Please return the listing below exactly, without any of its pictures.

◆ DATA BELOW ◆
-- Opening Marker --
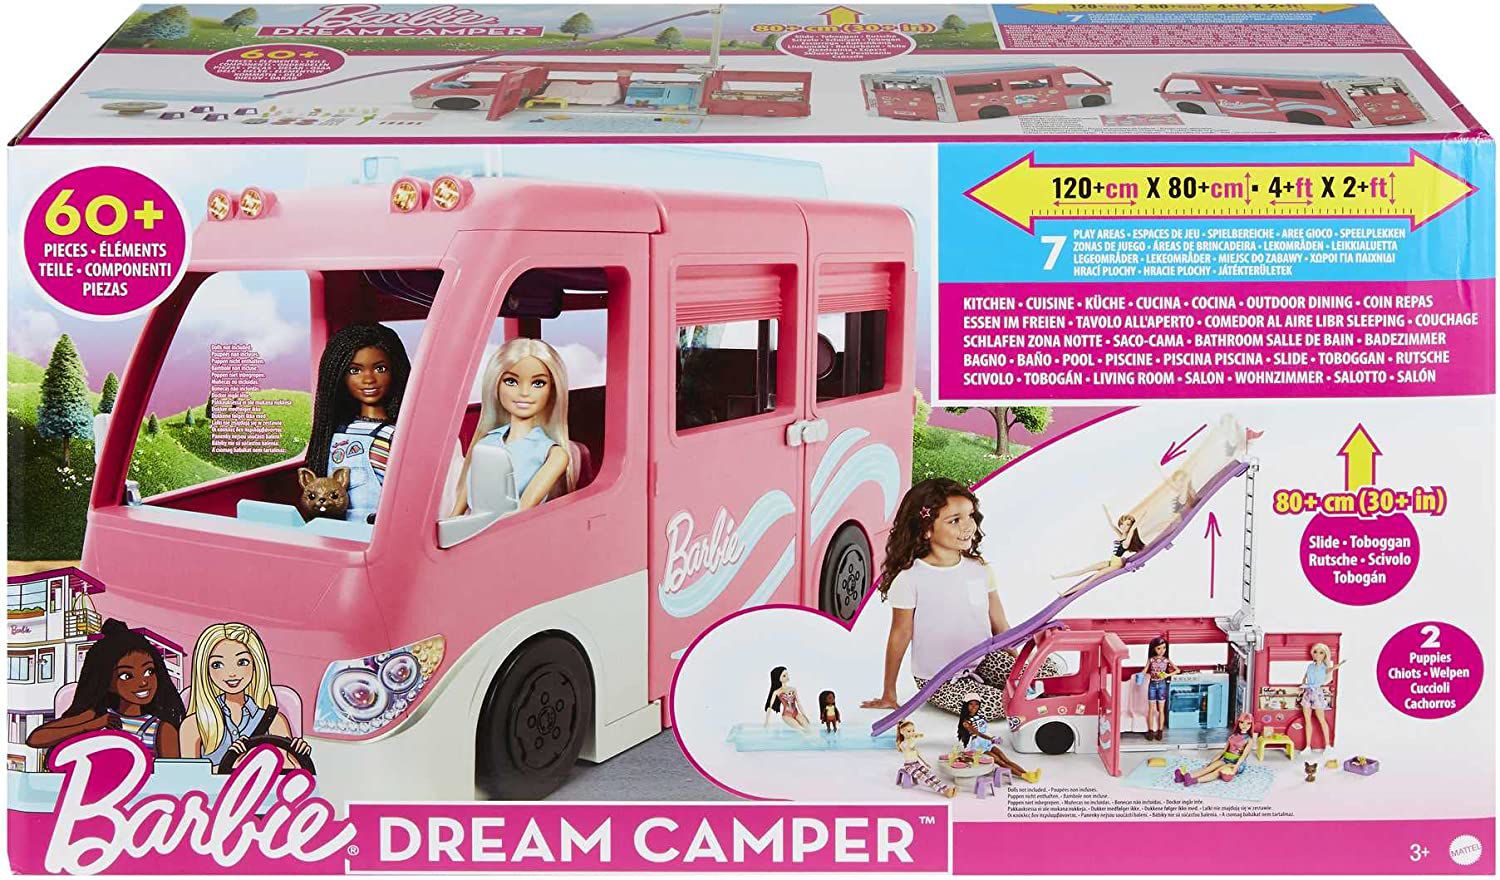 Casa dos Sonhos da Barbie com Acessorios - 75cm - Mattel
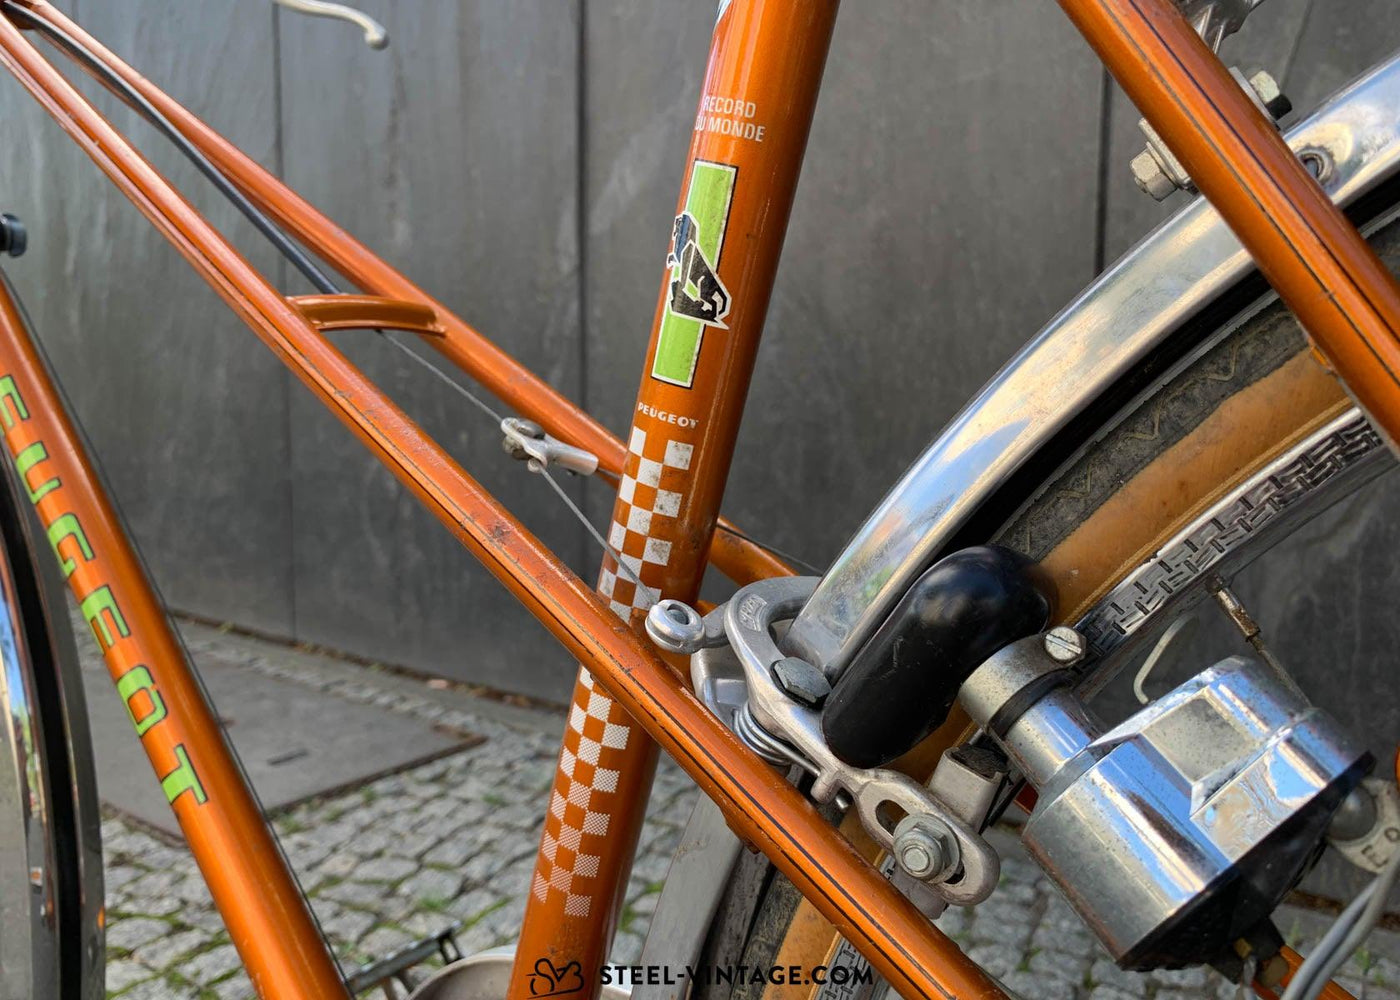 Peugeot Vintage Mixte Bike - Steel Vintage Bikes
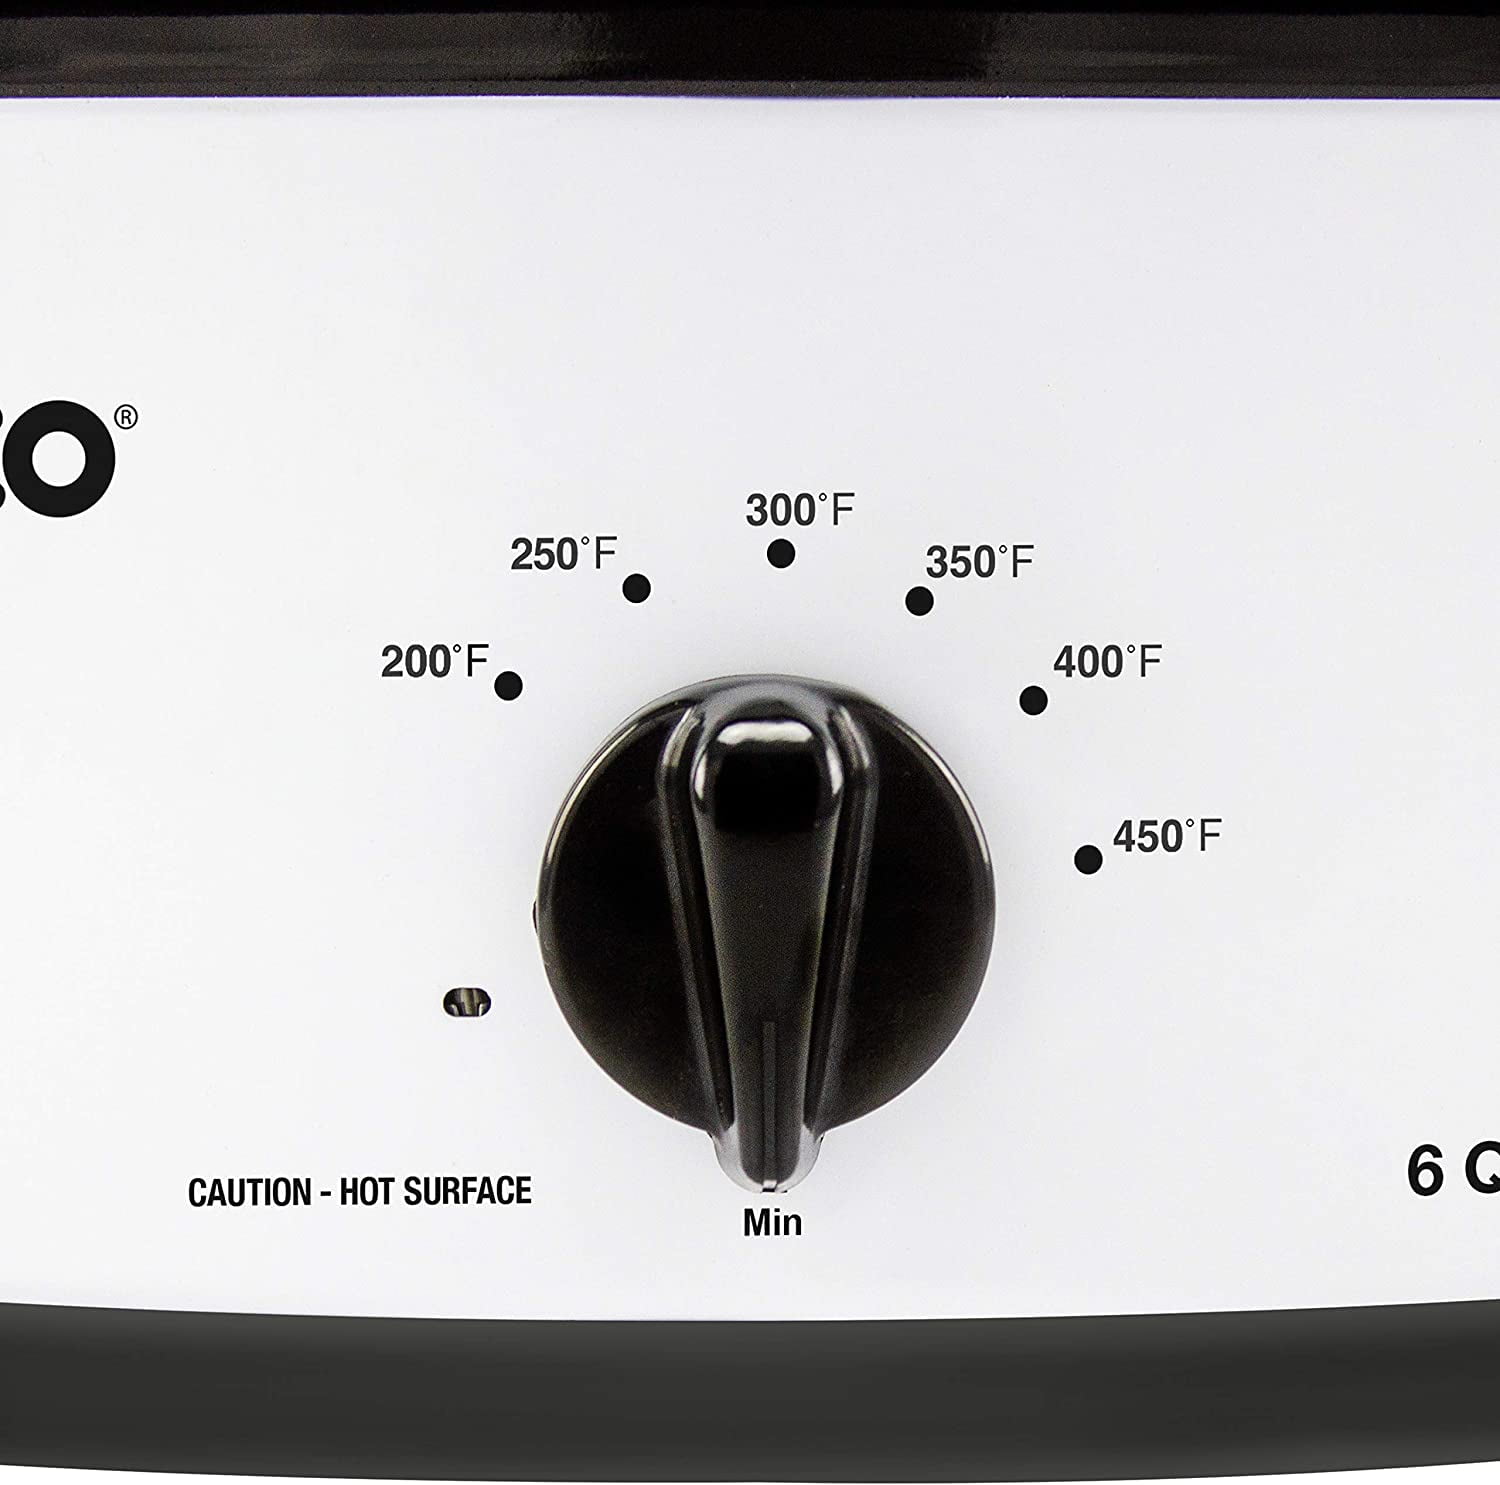 Nesco 4818-12 Nesco 1425-watt, 18-quart professional porcelain roaster oven  with red finish
-- Closing Marker --
◆ OUTPUT BELOW ◆
 Casa dos Sonhos da Barbie com Acessorios - 75cm - Mattel
 Peugeot Vintage Mixte Bike - Steel Vintage Bikes
 Nesco 4818-12 Nesco 1425-watt, 18-quart professional porcelain roaster oven  with red finish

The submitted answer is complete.